Michael Collins in In These Times:
Set in the present day, the film follows the lives of five black people on the fictitious Ivy League college Winchester as they navigate race, love and ever-shifting personal identities. Broken into a series of blithely titled chapters, the film is billed as “a satire about being a black face in a white place.”
The film, however, is less a satire in the sense of using “wit to expose stupidity” as much as it is a mockumentary whose humor comes from its earnestness, in the vein of films like Best in Show. Perhaps this is because, as the title suggests, the work is narrowly pointed at white America. Or, more specifically, the type of liberal white America that prefaces racist statements with “I’m not racist, but…” and when challenged responds, “But my best friend is a black!” For those who already know that all black people aren’t the same (we have different names for a reason!), and that race, class and sexuality are complex parts of a greater whole, the film will have little critical edge.

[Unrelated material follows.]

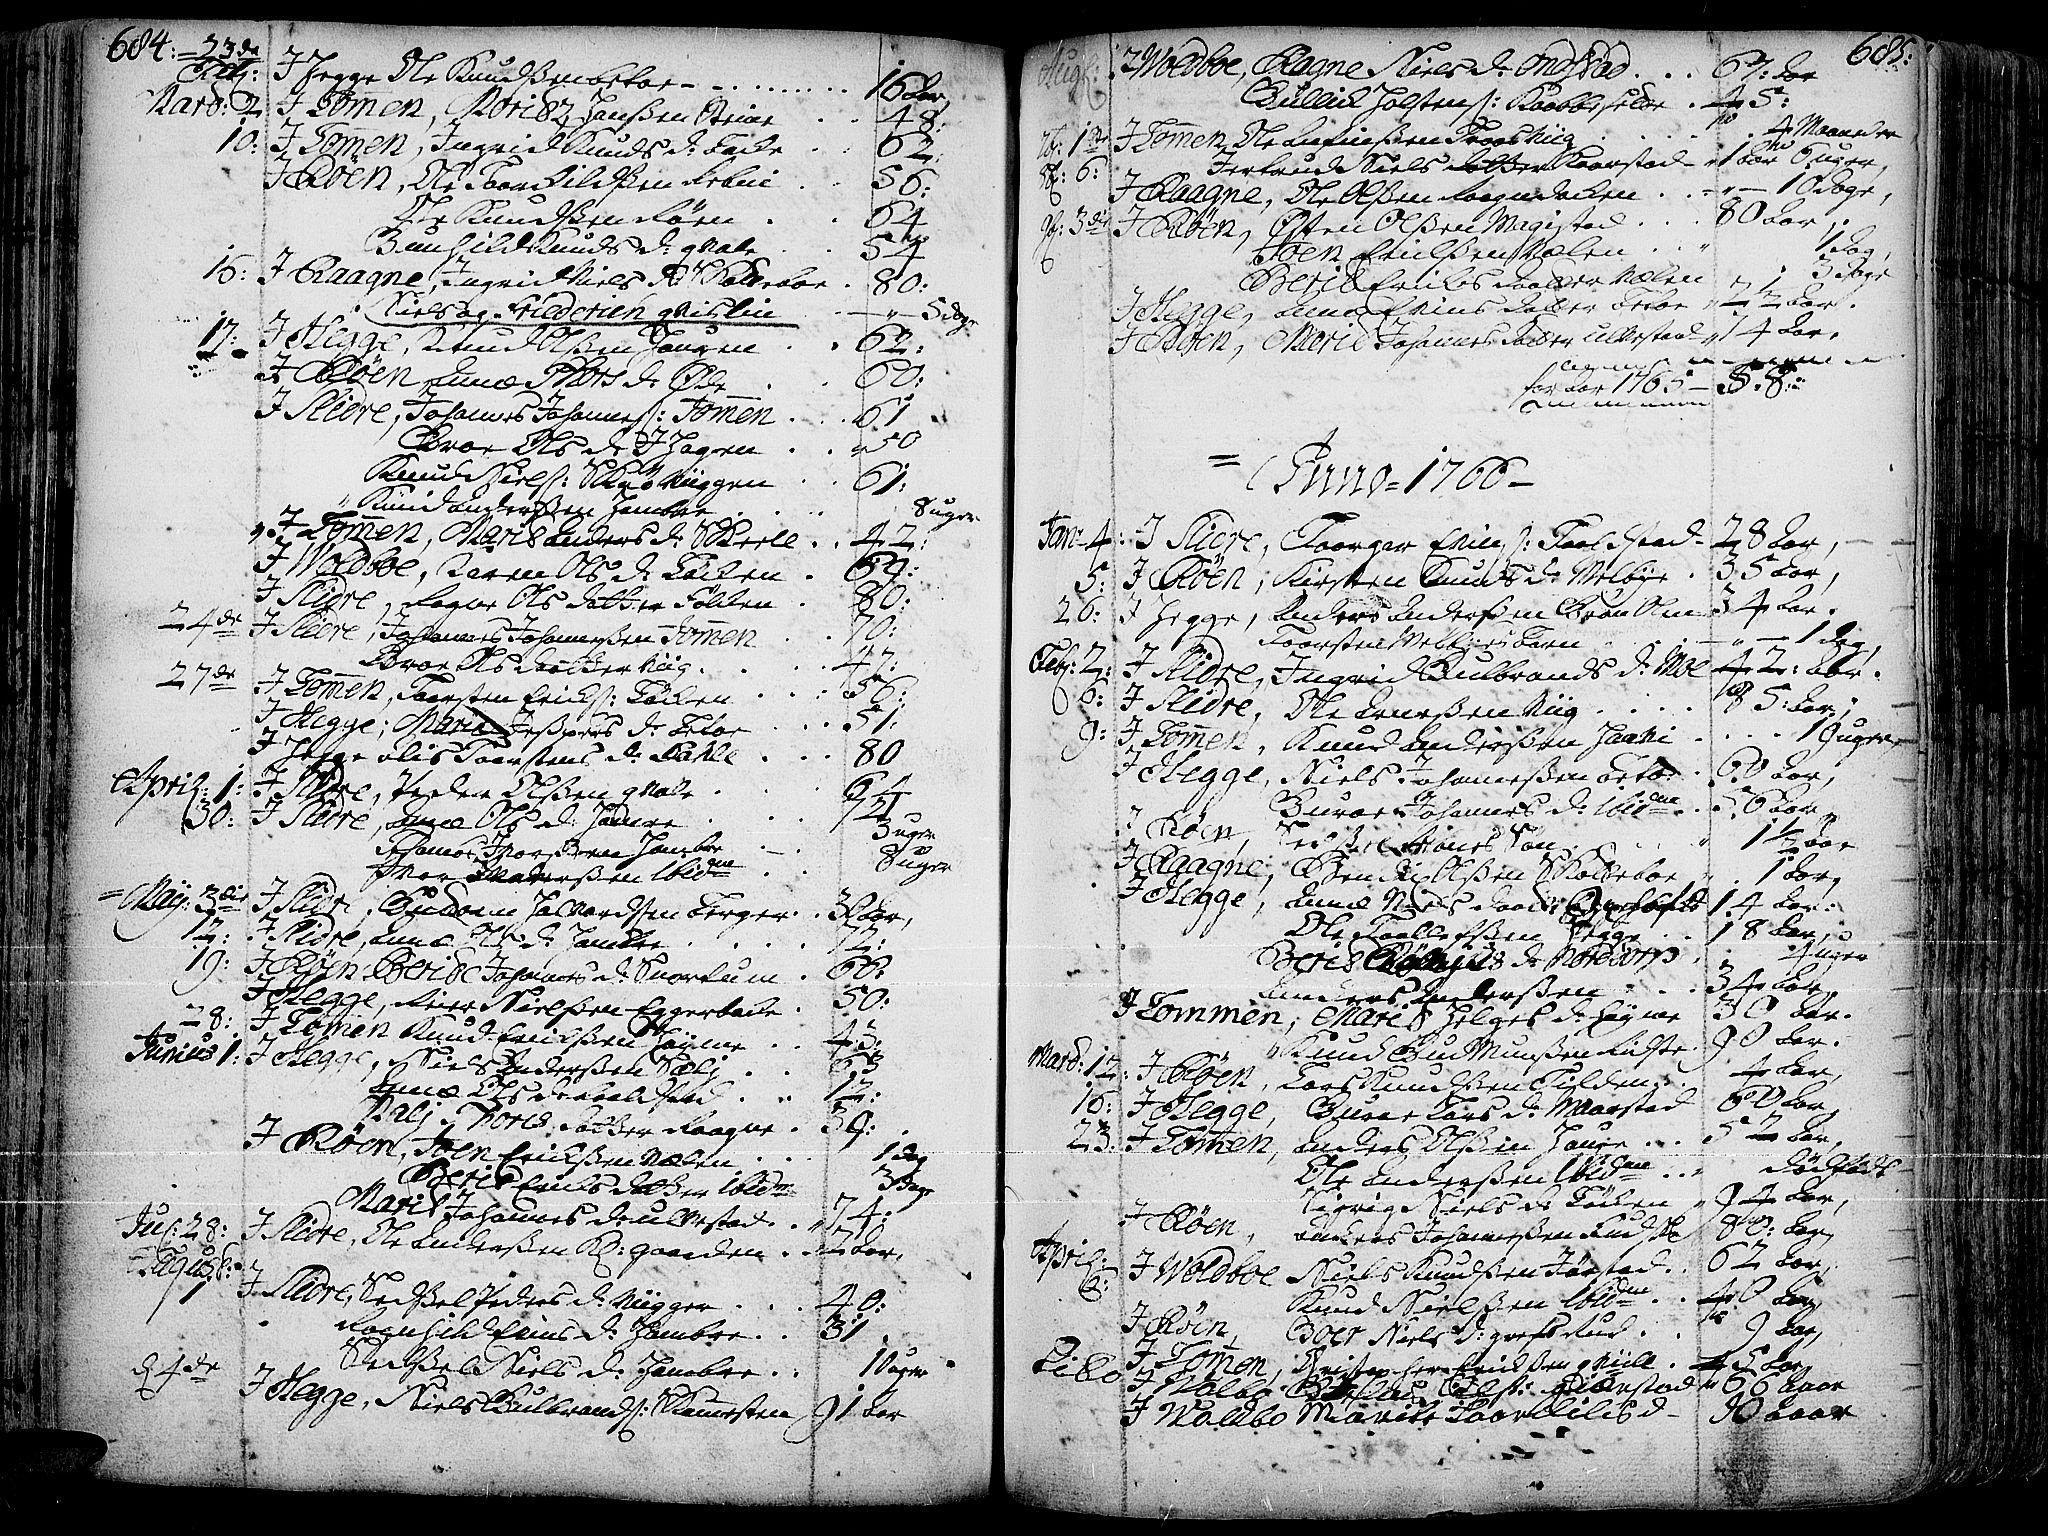 SAH, Slidre prestekontor, Ministerialbok nr. 1, 1724-1814, s. 684-685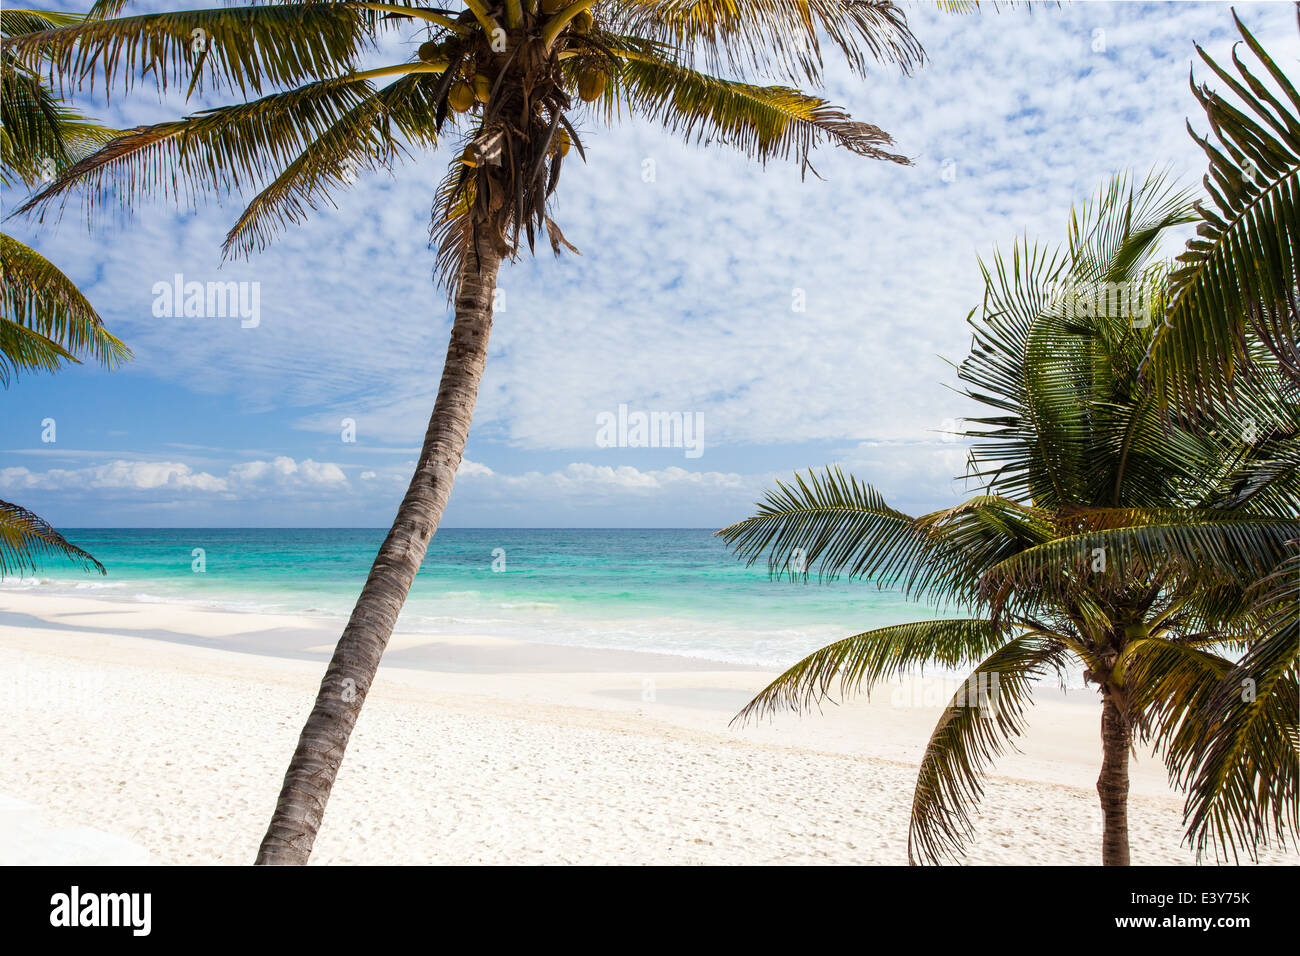 Palmen und weißem Sand an der Riviera Maya Strand von Tulum, Mexiko. Stockbild

But for those who haven’t taken Race in America 101, the film may yet be productive.
Through a series of occasionally disjointed chapters, we are presented with a host of college archetypes: the charismatic jock played by the astonishingly beautiful Brandon Bell; the black militant played by Tessa Thompson, the pushover nerd played convincingly by Tyler Williams ofEverybody Hates Chris fame, the society queen with a terrible secret (and an amazing wardrobe of pearl necklaces and backless dresses) played by Teyonah Parris, and the incorrigible dean played by Dennis Haysbert. Throughout, the film adds various layers to these one-dimensional caricatures by highlighting their “performance of blackness.”
For those who slept through critical race theory, it’s now taken for granted that there is no essential black experience. Rather, blackness is a social, political and economic construct that individuals engage with as society, the economy or our personal desires dictate. The film revels in multiplicity of identity, internal contradictions and the general sense of confusion and misidentification that characterize public discussions of race.